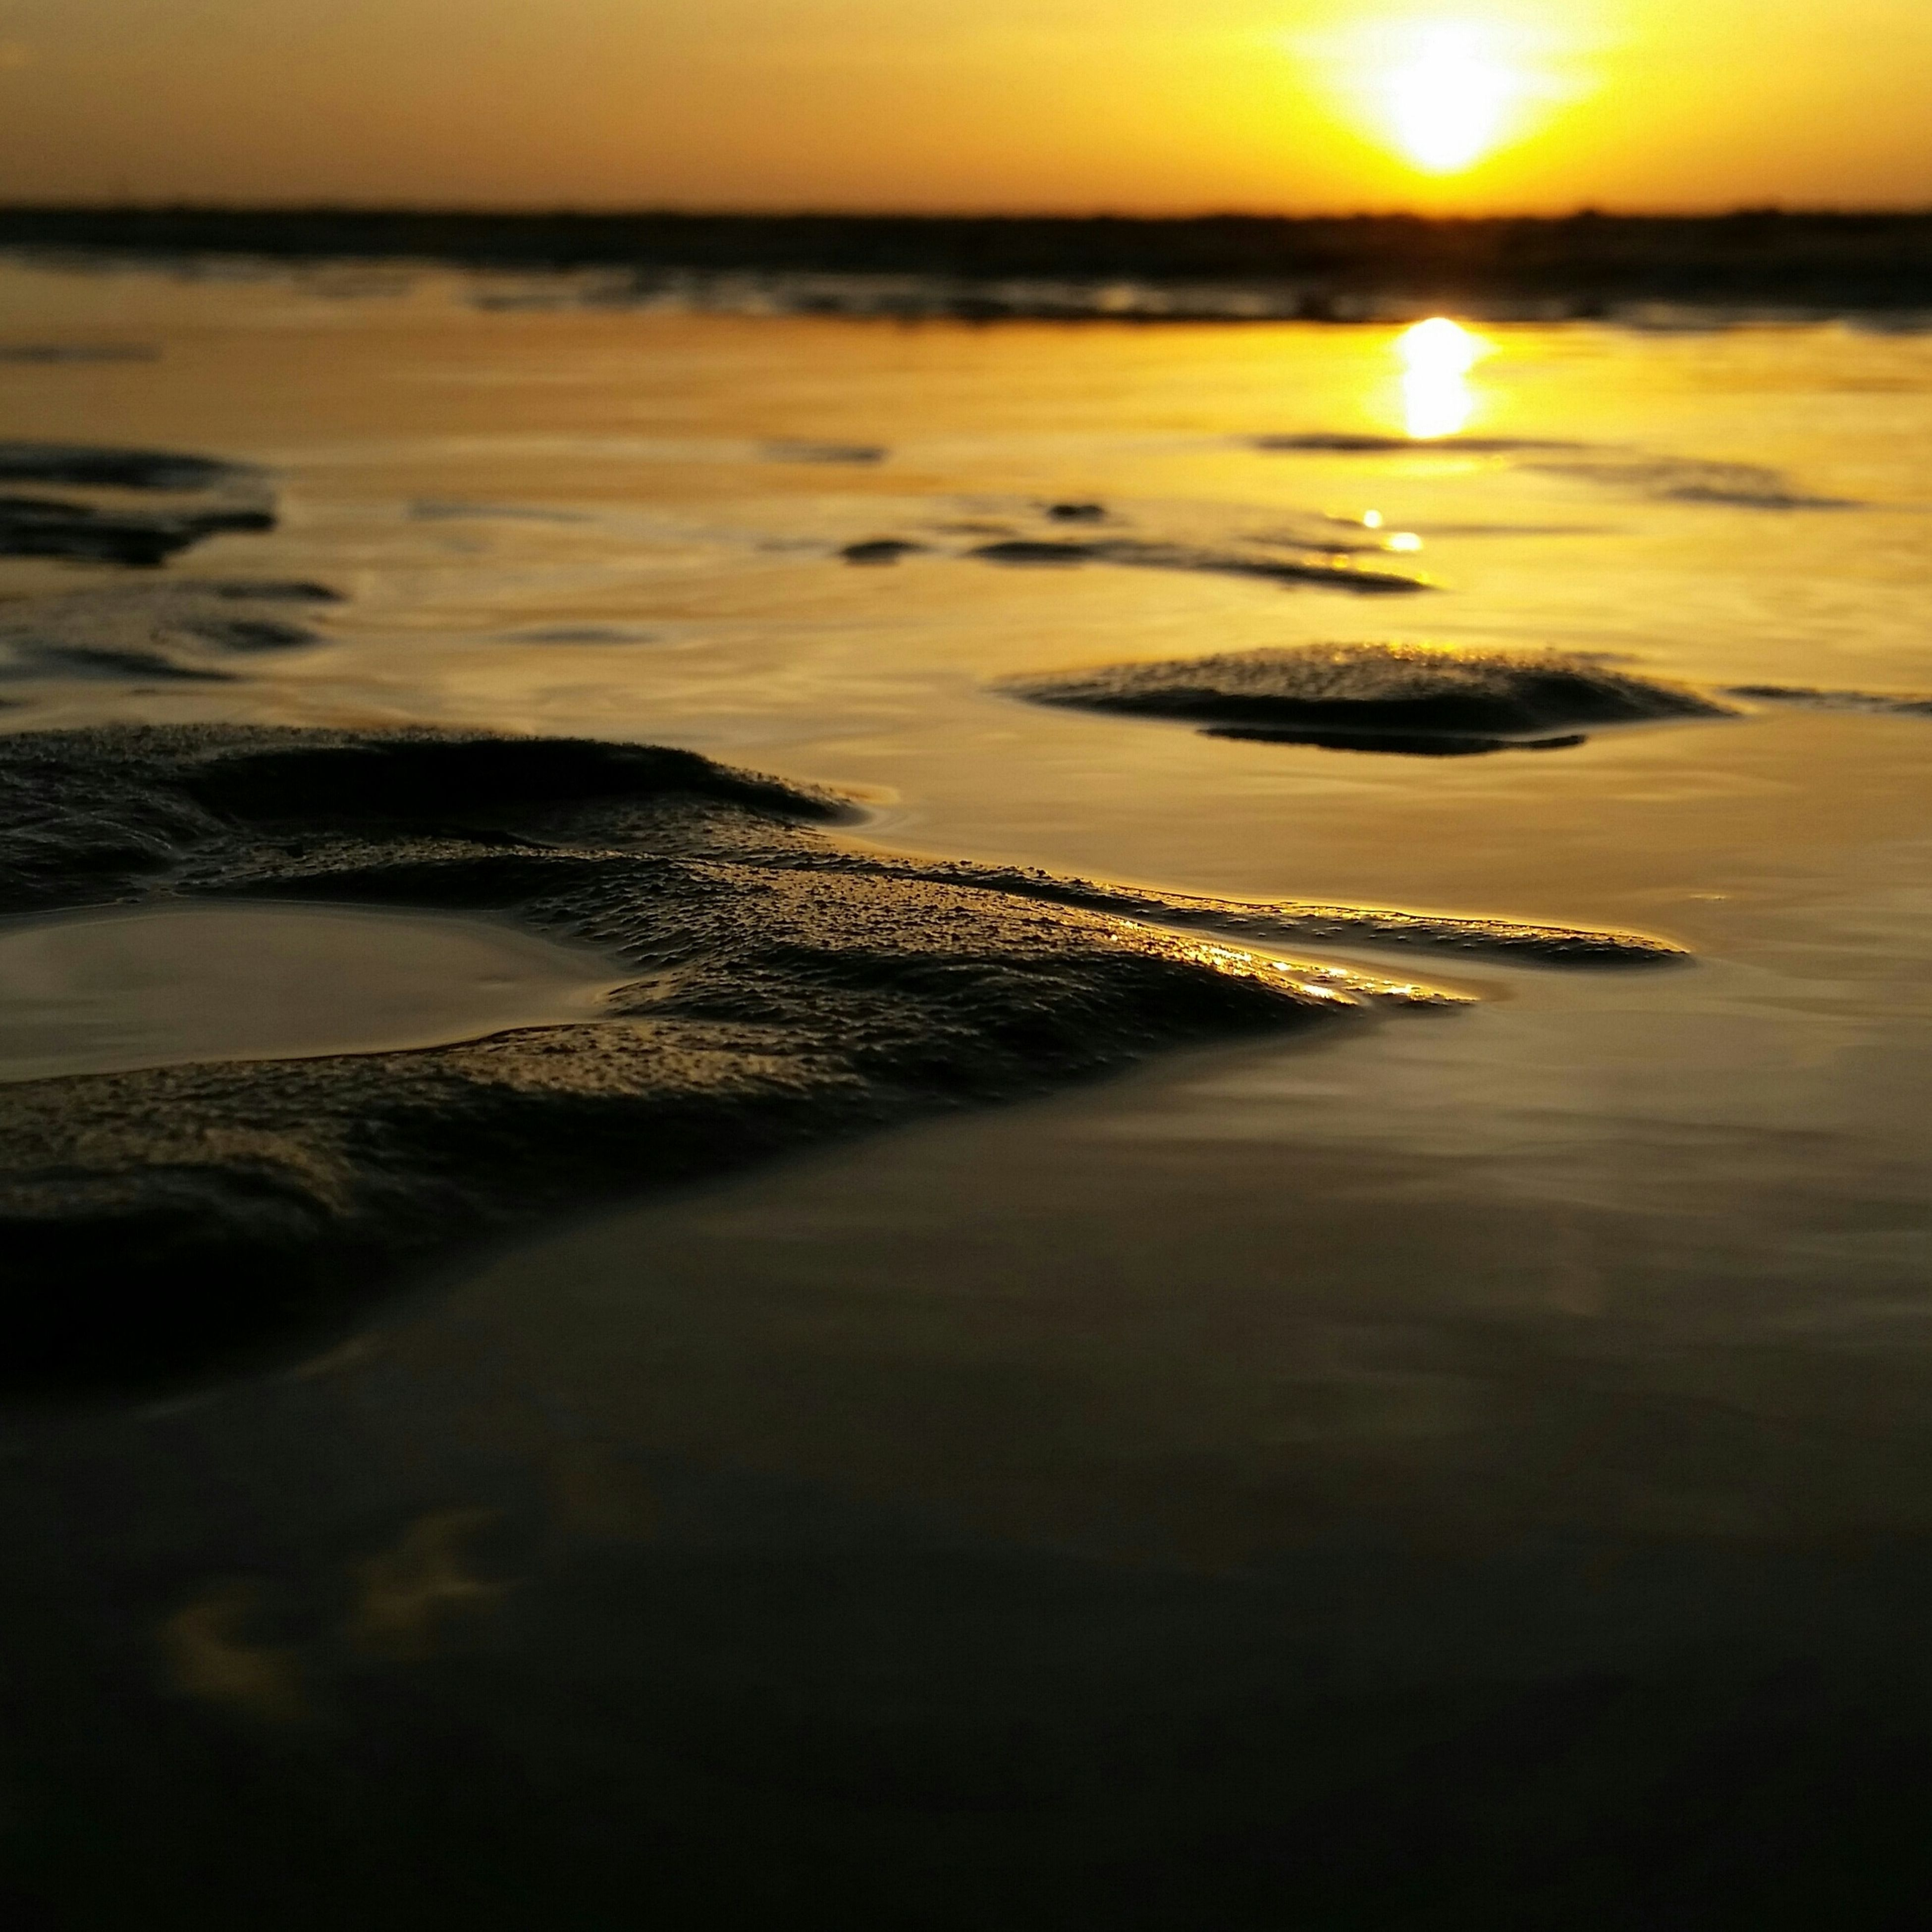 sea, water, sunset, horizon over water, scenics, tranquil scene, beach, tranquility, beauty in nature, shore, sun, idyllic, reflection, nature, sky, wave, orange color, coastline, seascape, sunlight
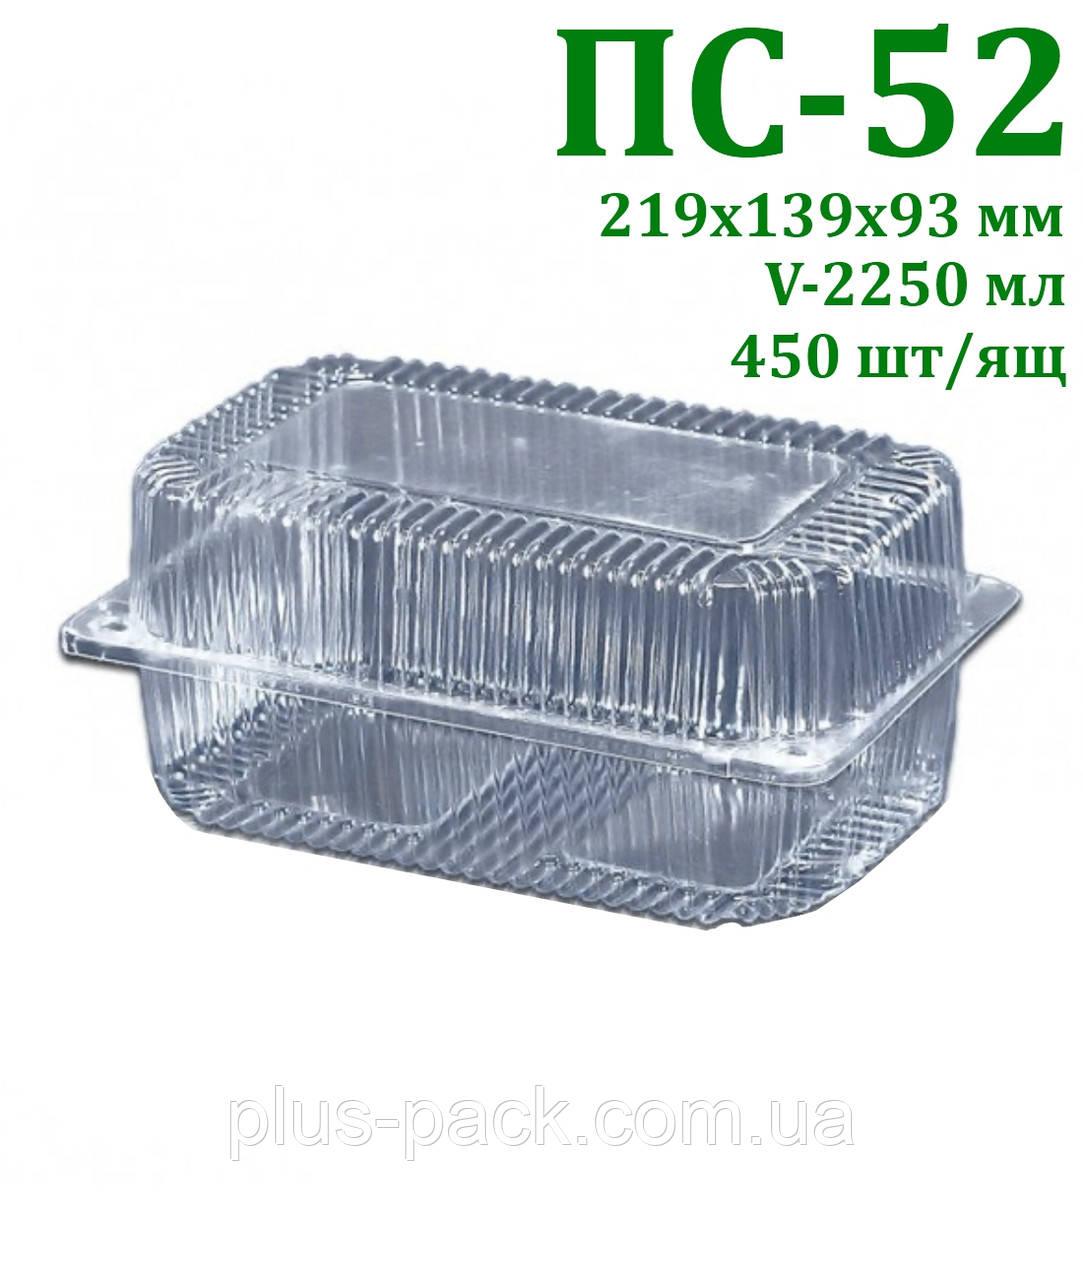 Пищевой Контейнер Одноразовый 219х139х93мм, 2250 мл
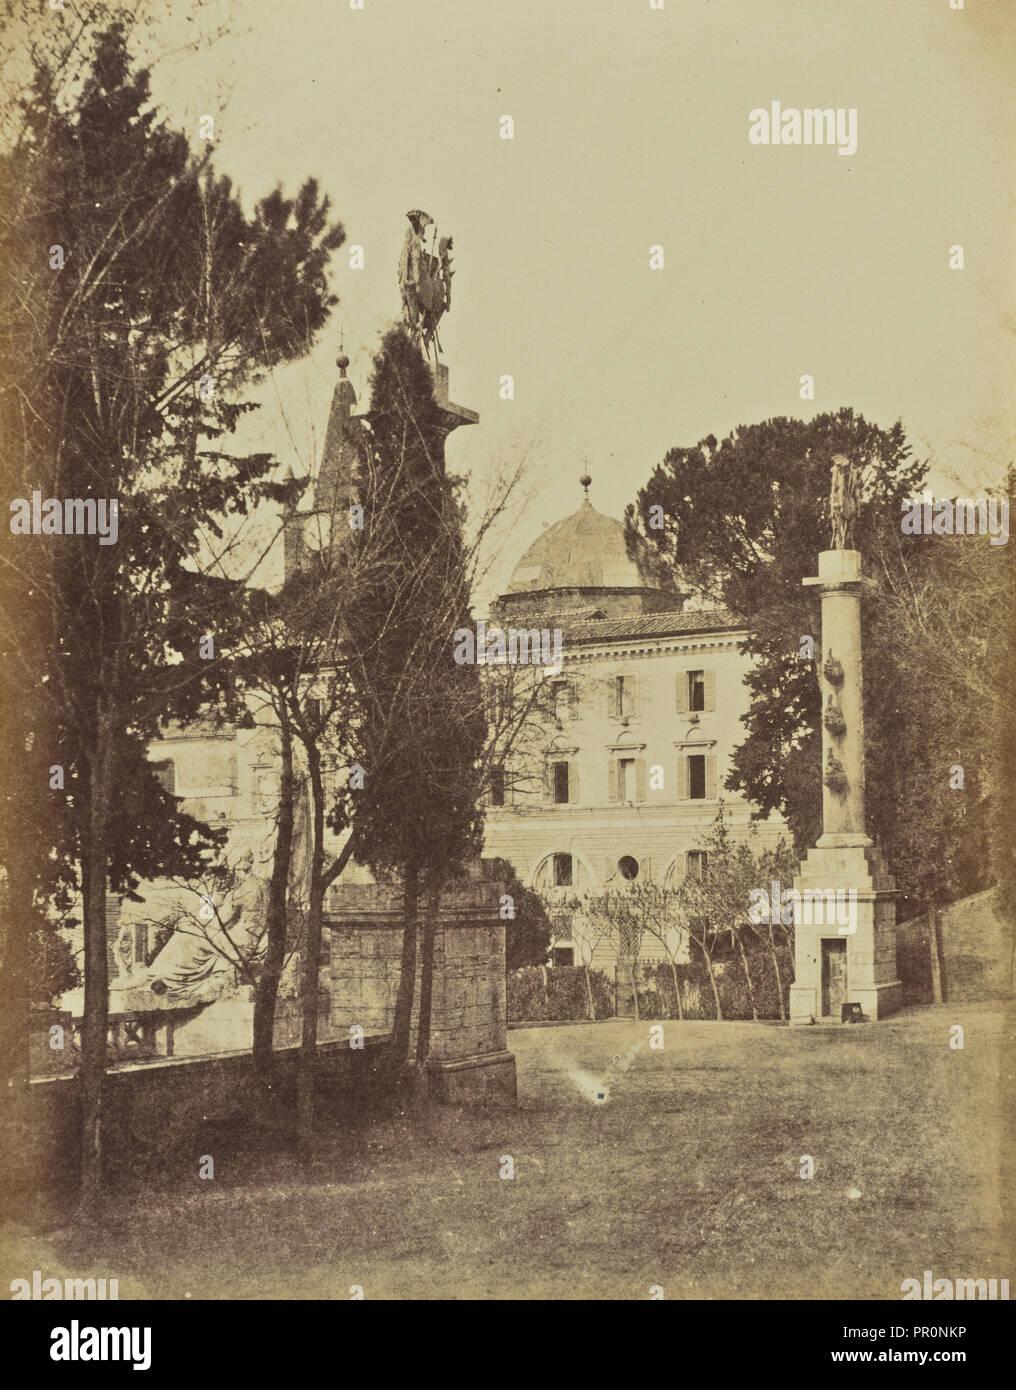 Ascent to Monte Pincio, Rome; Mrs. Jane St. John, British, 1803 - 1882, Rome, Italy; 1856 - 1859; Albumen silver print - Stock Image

::::

_Exercise directions:_
Omitting all pictures, retype exactly the lines from the line containing "Пищевой Контейнер Одноразовый" down to the last line above, both ends included.

_Output below:_
 Пищевой Контейнер Одноразовый 219х139х93мм, 2250 мл
 Ascent to Monte Pincio, Rome; Mrs. Jane St. John, British, 1803 - 1882, Rome, Italy; 1856 - 1859; Albumen silver print - Stock Image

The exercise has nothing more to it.